For training on online jupyter notebooks: https://github.com/Dampish0/ModelTrainingColab
HELLO, HERE IS THE CODE FOR TRAINING ON LOCAL PC, ANY MODEL WORKS AS LONG AS IT RUNS ON PYTORCH.
Here is training data, 2 DATASET DONT GET THEM CONFUSED!! https://huggingface.co/datasets/Dampish/QuickTrain/tree/main
So ill make it short, Download this, run Setup.bat. To change settings, go to "Code" Folder and open Settings.json, run Train.py when you are happy with your settings.

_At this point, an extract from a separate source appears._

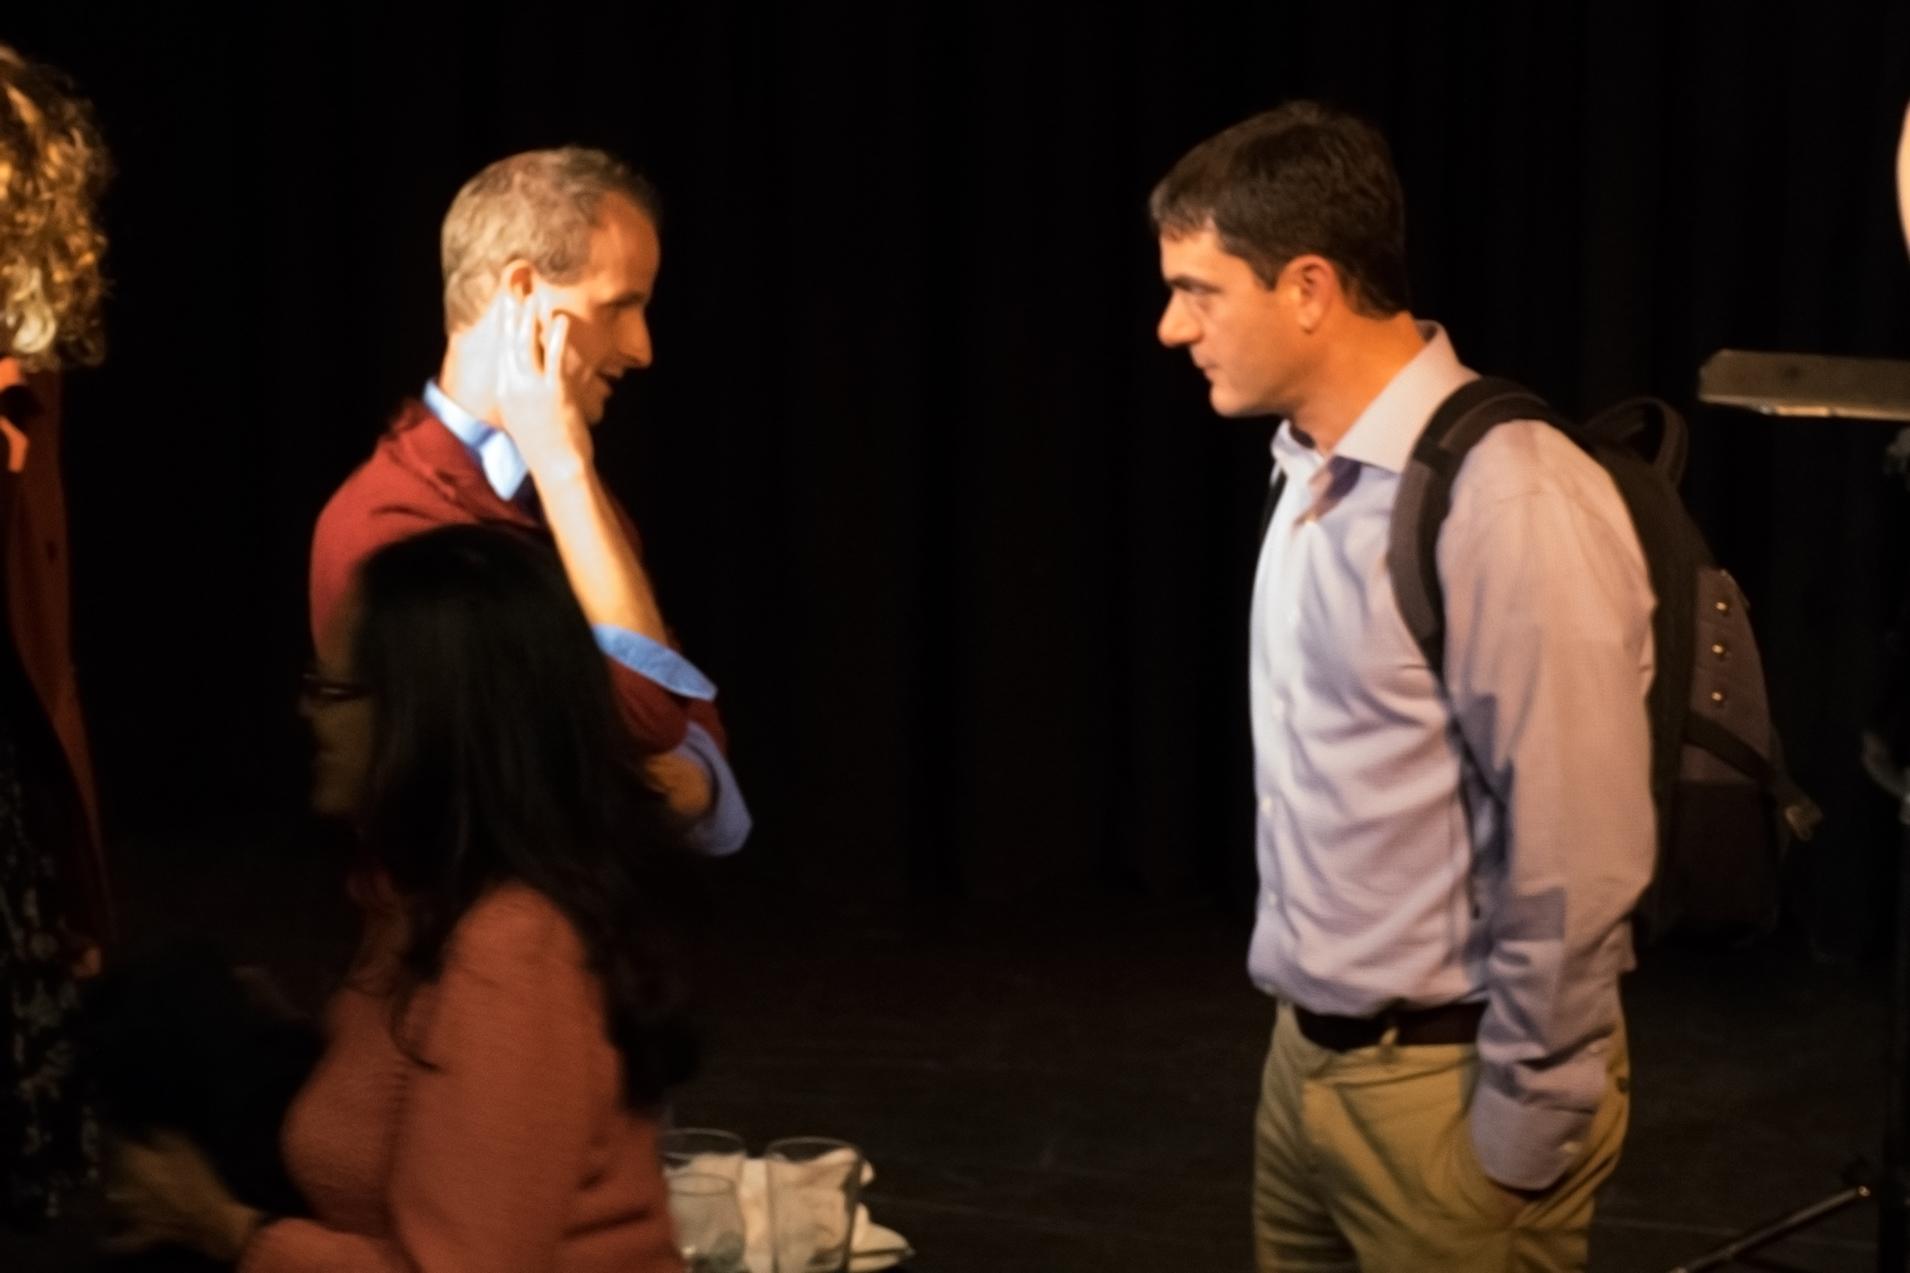 Dr. Adam Boyko speaks with an audience member
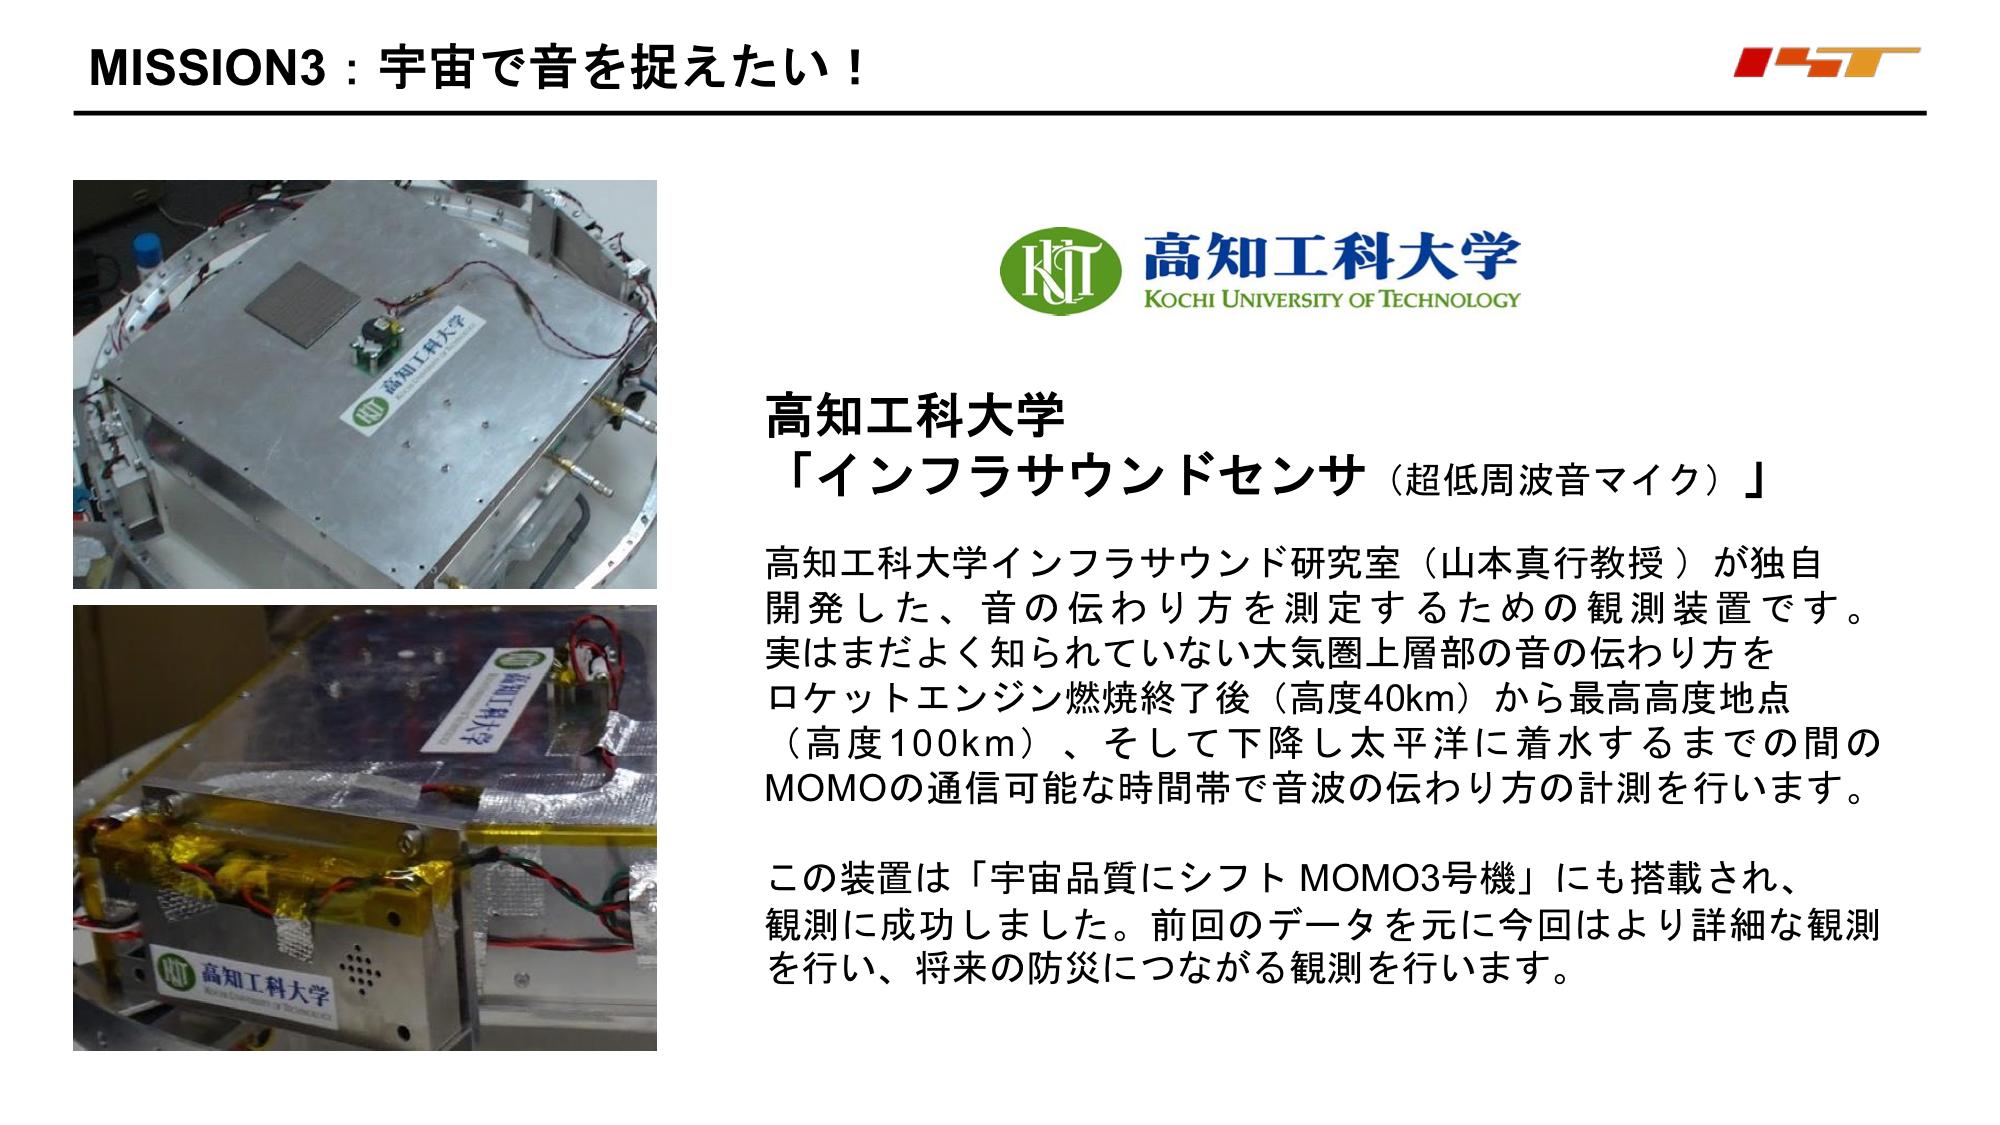 f:id:Imamura:20190628161256p:plain

Settings.json will look like the following.
"huggingface_access_token" is the token for it to write to huggingface, if left blank it will not push to huggingface.co otherwise fill.
"model" is the actual model from huggingface.co or a local model of choice, its better to use huggingface though.
"model_tokenizer" is the base model you are using, the one you are fine tuning, you need the orginal tokenizer to avoid issues, this is simple.
"Data" is the actual training data.
"valid_data" is the validation data.
"out_dir" is the directory where you where you want the output and/or what its going to be named. Will automatically make on if it doesnt exist.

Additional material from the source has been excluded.